Keras: multi_gpu_model on seq2seq model results in error: Incompatible shapes

Created on 21 Feb 2018  路  8Comments  路  Source: keras-team/keras

Hi!

I've run into an error when using multi_gpu_model for the seq2seq model referenced here:
https://blog.keras.io/a-ten-minute-introduction-to-sequence-to-sequence-learning-in-keras.html

Specifically, this is the error received when running on 2 GPUs:

InvalidArgumentError: Incompatible shapes: [16,128] vs. [32,128]
 [[Node: replica_0/model_1/lstm_2/while/add = Add[T=DT_FLOAT, _device="/job:localhost/replica:0/task:0/device:GPU:0"](replica_0/model_1/lstm_2/while/BiasAdd, replica_0/model_1/lstm_2/while/MatMul_4)]]
 [[Node: loss/mul/_193 = _Recv[client_terminated=false, recv_device="/job:localhost/replica:0/task:0/device:CPU:0", send_device="/job:localhost/replica:0/task:0/device:GPU:0", send_device_incarnation=1, tensor_name="edge_4498_loss/mul", tensor_type=DT_FLOAT, 
_device="/job:localhost/replica:0/task:0/device:CPU:0"]()]]

32 is my batch size and 128 is the latent dim of the encoding space. Running on 4 GPUs gives the same error but [8,128] vs. [32,128] instead.

The full error log is here (I must run the code in Google ML Engine as I don't have multiple GPUs myself).
Python code is here and the error can be reproduced by running

python seq2seq.py --nbr-gpus 2

Tensorflow version: 1.4.1
Keras version: 2.1.4

8976 looks like a very similar error, but was supposedly addressed in PR #9031 which did not fix my issue.
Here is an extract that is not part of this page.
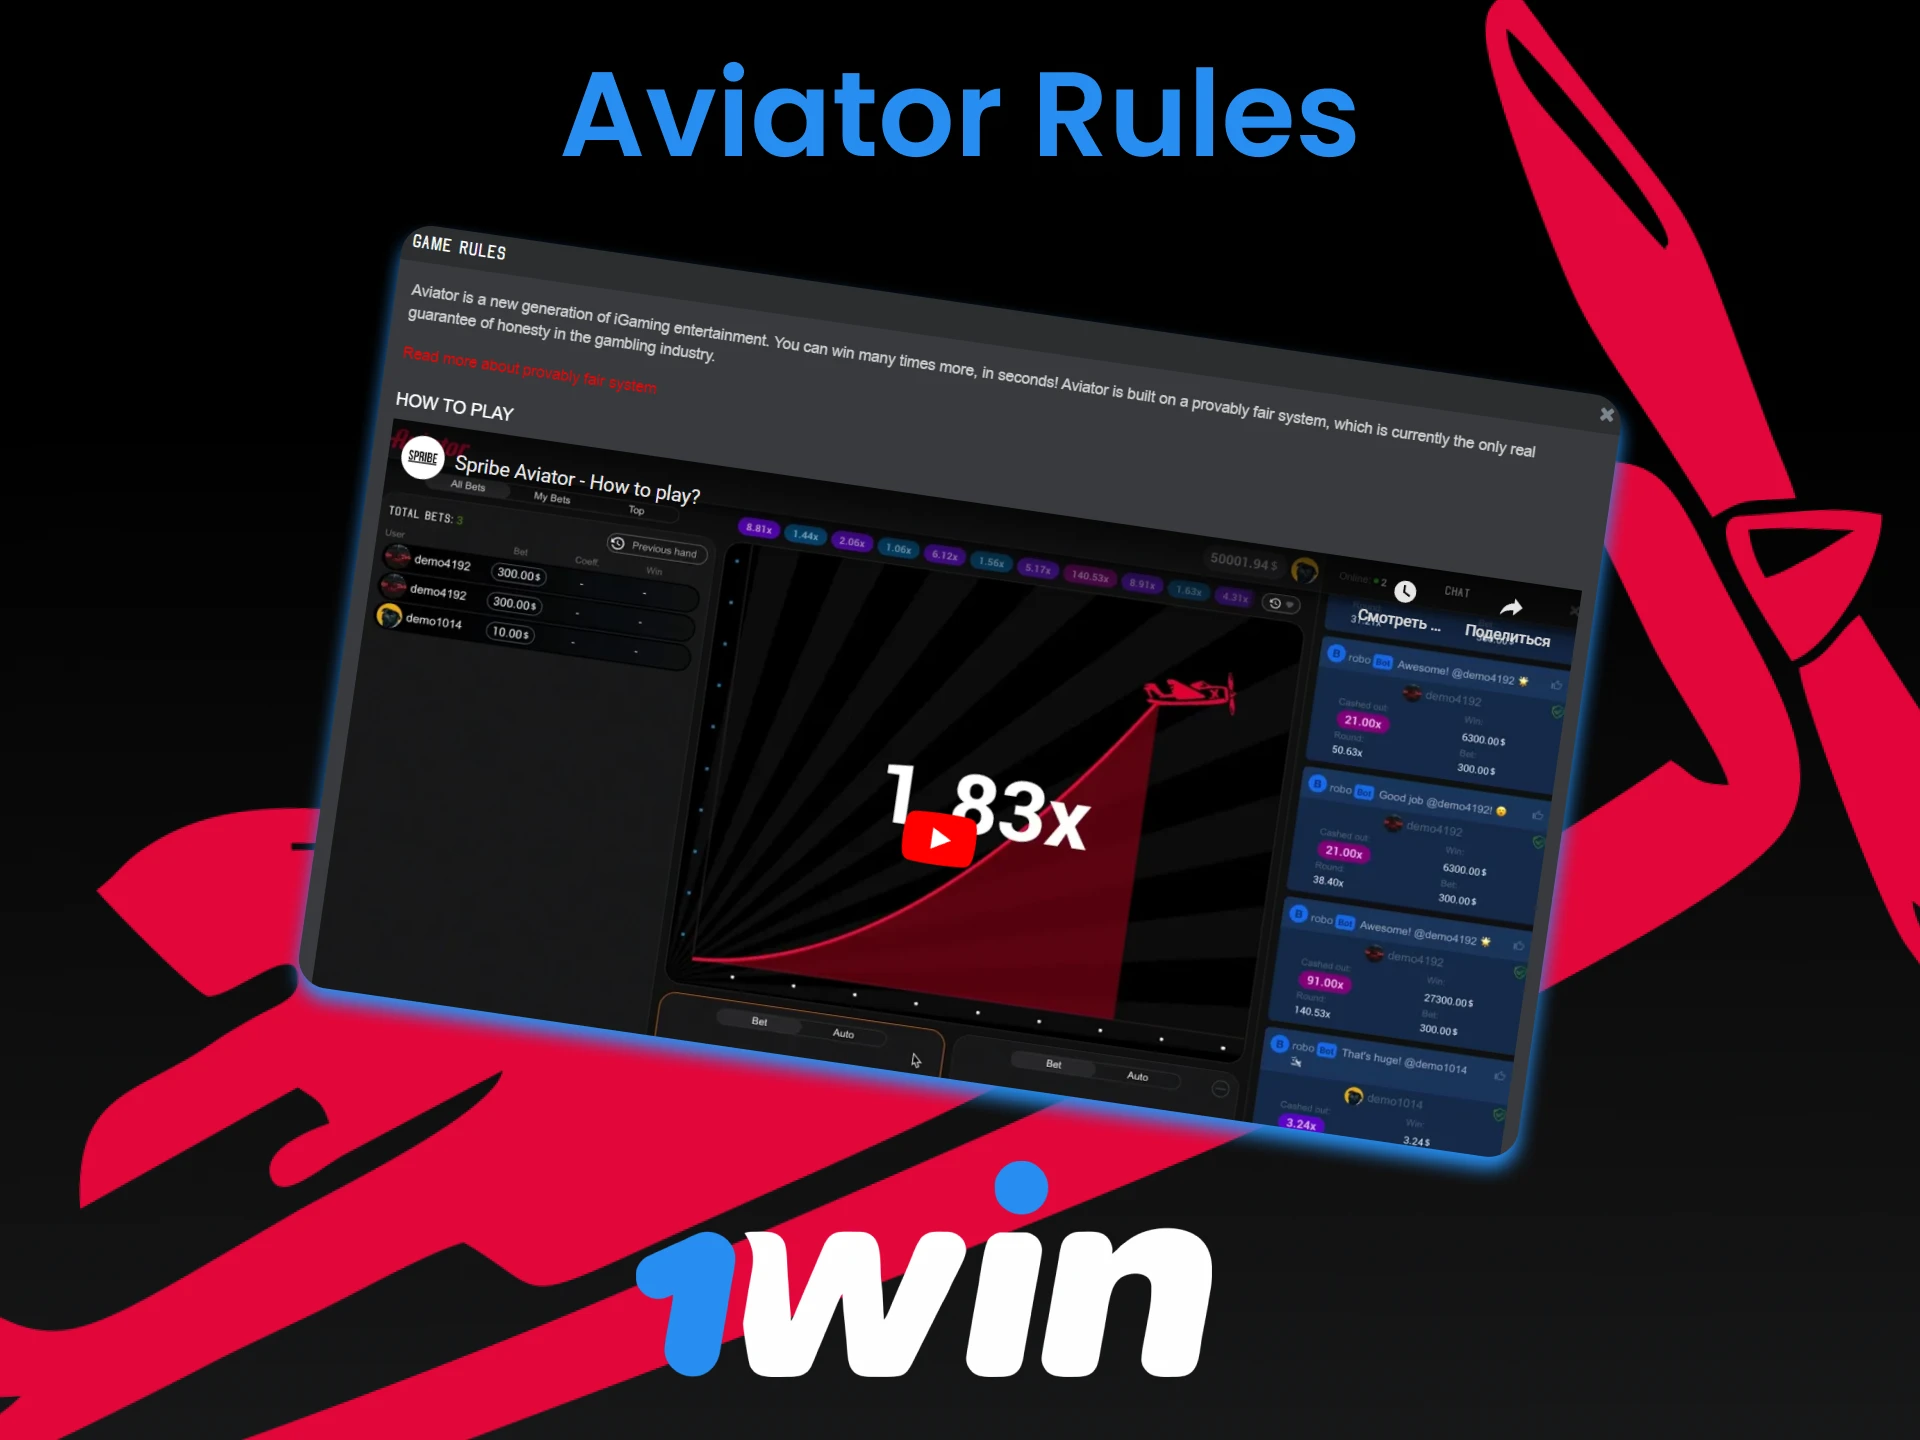 Siga as regras do jogo Aviator da 1win.

Hope someone knows what's wrong as I've spent the last few days trying to fix this without success.
Any ideas?

Most helpful comment

Reproducing code (edited to clarify cause being combination of initial state and multi_gpu_model):

import numpy as np

import keras
from keras import layers as L

from keras.models import Sequential, Model

from keras.utils.multi_gpu_utils import multi_gpu_model

x = L.Input((4,3))
y = L.SimpleRNN(3,return_sequences=True)(x)

_x = np.random.randn(2,4,3)
_y = np.random.randn(2,4,3)

m = Model(x,y)
m.compile(loss='mean_squared_error',optimizer='adam')
m.train_on_batch(_x,_y)

print("Success!")

m2 = multi_gpu_model(m,2)
m2.compile(loss='mean_squared_error',optimizer='adam')
m2.train_on_batch(_x,_y)

print("Success 2!")

x = L.Input((4,3))
init_state = L.Input((3,))
y = L.SimpleRNN(3,return_sequences=True)(x,initial_state=init_state)
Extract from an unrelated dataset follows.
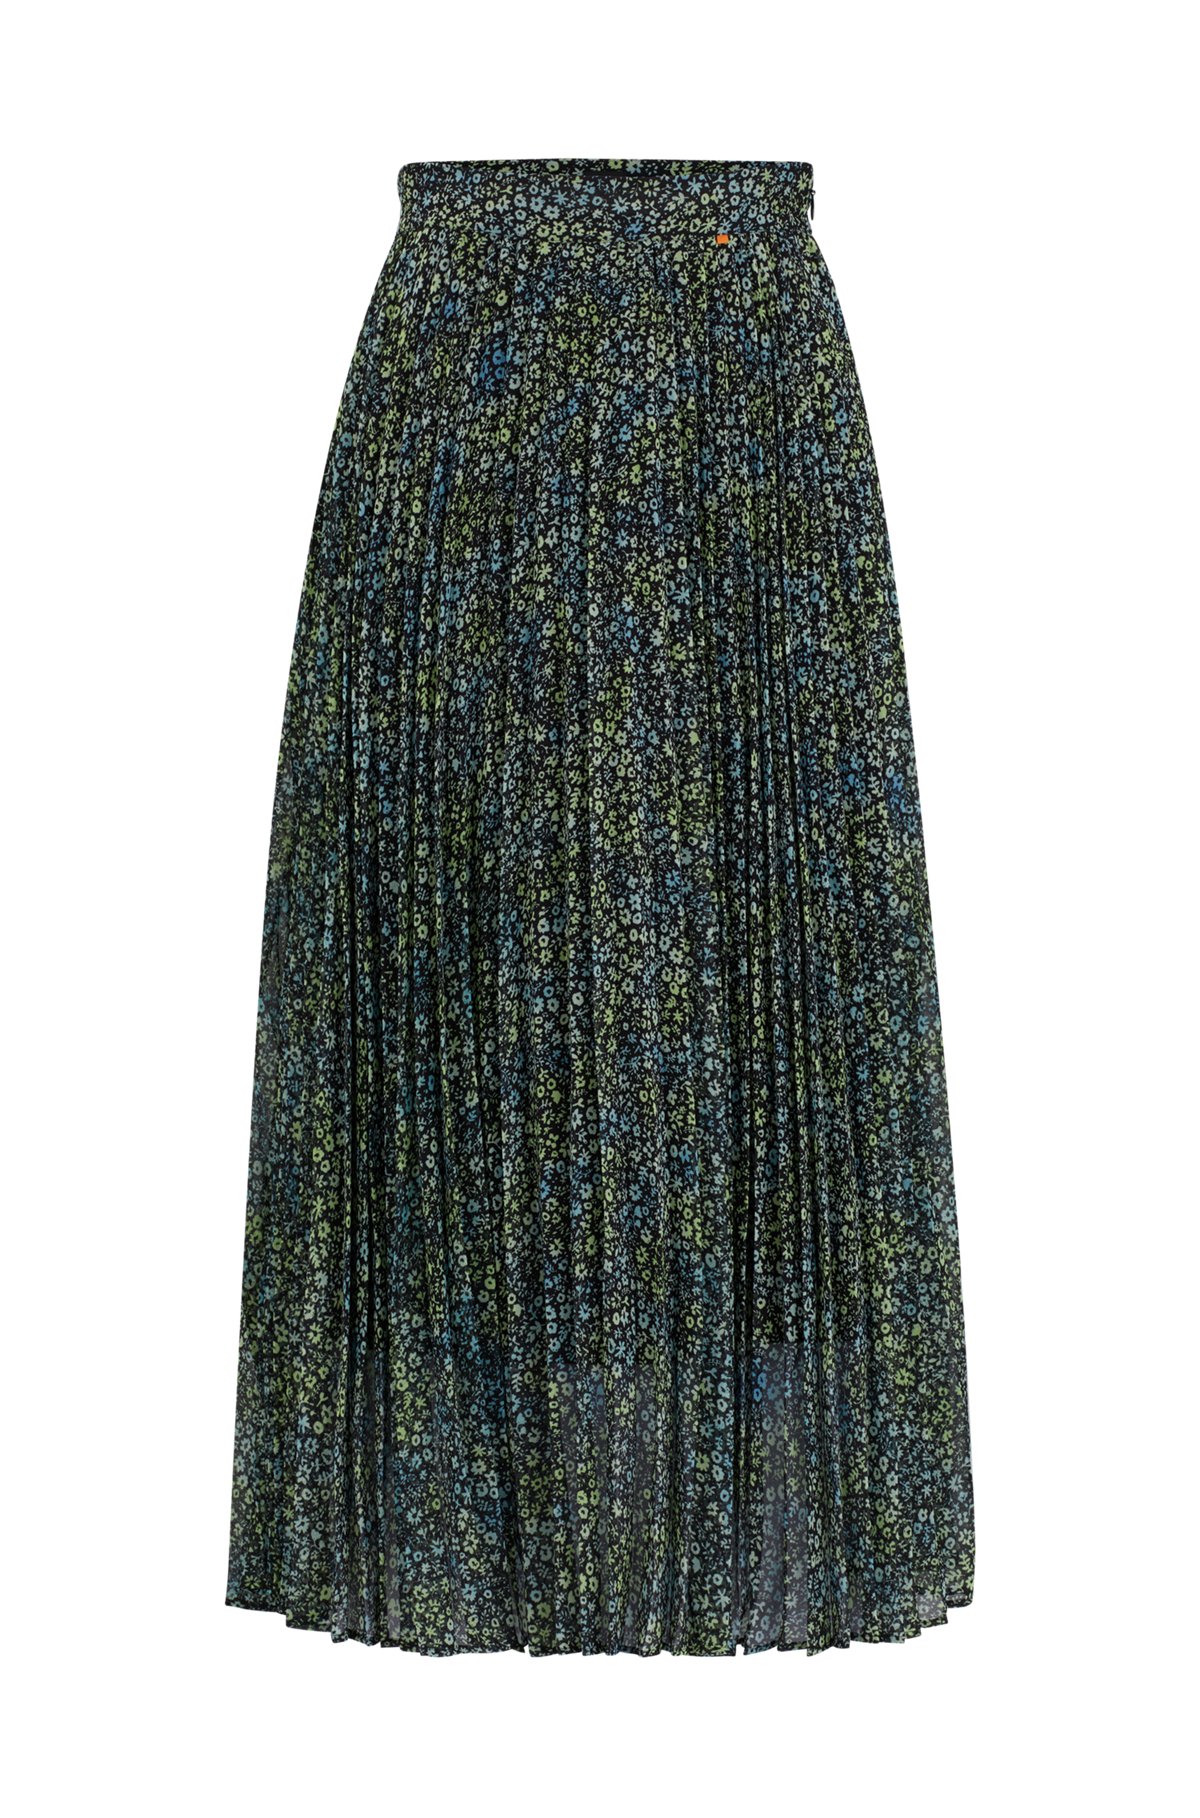 Printed plissé skirt in crepe Georgette, Green Patterned

_x = [np.random.randn(2,4,3),np.random.randn(2,3)]
_y = np.random.randn(2,4,3)

m = Model([x,init_state],y)
m.compile(loss='mean_squared_error',optimizer='adam')
m.train_on_batch(_x,_y)

print("Success 3!")

m2 = multi_gpu_model(m,2)
m2.compile(loss='mean_squared_error',optimizer='adam')
m2.train_on_batch(_x,_y)

print("Success 4!")

Success!
Success 2!
Success 3!
...

InvalidArgumentError (see above for traceback): Incompatible shapes: [4,4,3] vs. [2,4,3]
         [[Node: training_1/Adam/gradients/loss_1/simple_rnn_1_loss/sub_grad/BroadcastGradientArgs = BroadcastGradientArgs[T=DT_INT32, _class=["loc:@loss_1/simple_rnn_1_loss/sub"], _device="/job:localhost/replica:0/task:0/device:GPU:0"](training_1/Adam/gradients/loss_1/simple_rnn_1_loss/sub_grad/Shape/_143, training_1/Adam/gradients/loss_1/simple_rnn_1_loss/sub_grad/Shape_1)]]
         [[Node: training_1/Adam/gradients/simple_rnn_1_1/concat_grad/Slice_1/_189 = _Recv[client_terminated=false, recv_device="/job:localhost/replica:0/task:0/device:GPU:1", send_device="/job:localhost/replica:0/task:0/device:CPU:0", send_device_incarnation=1, tensor_name="edge_545_training_1/Adam/gradients/simple_rnn_1_1/concat_grad/Slice_1", tensor_type=DT_FLOAT, _device="/job:localhost/replica:0/task:0/device:GPU:1"]()]]

All 8 comments

I see a similar issue - I believe the common theme is setting initial state on recurrent layers.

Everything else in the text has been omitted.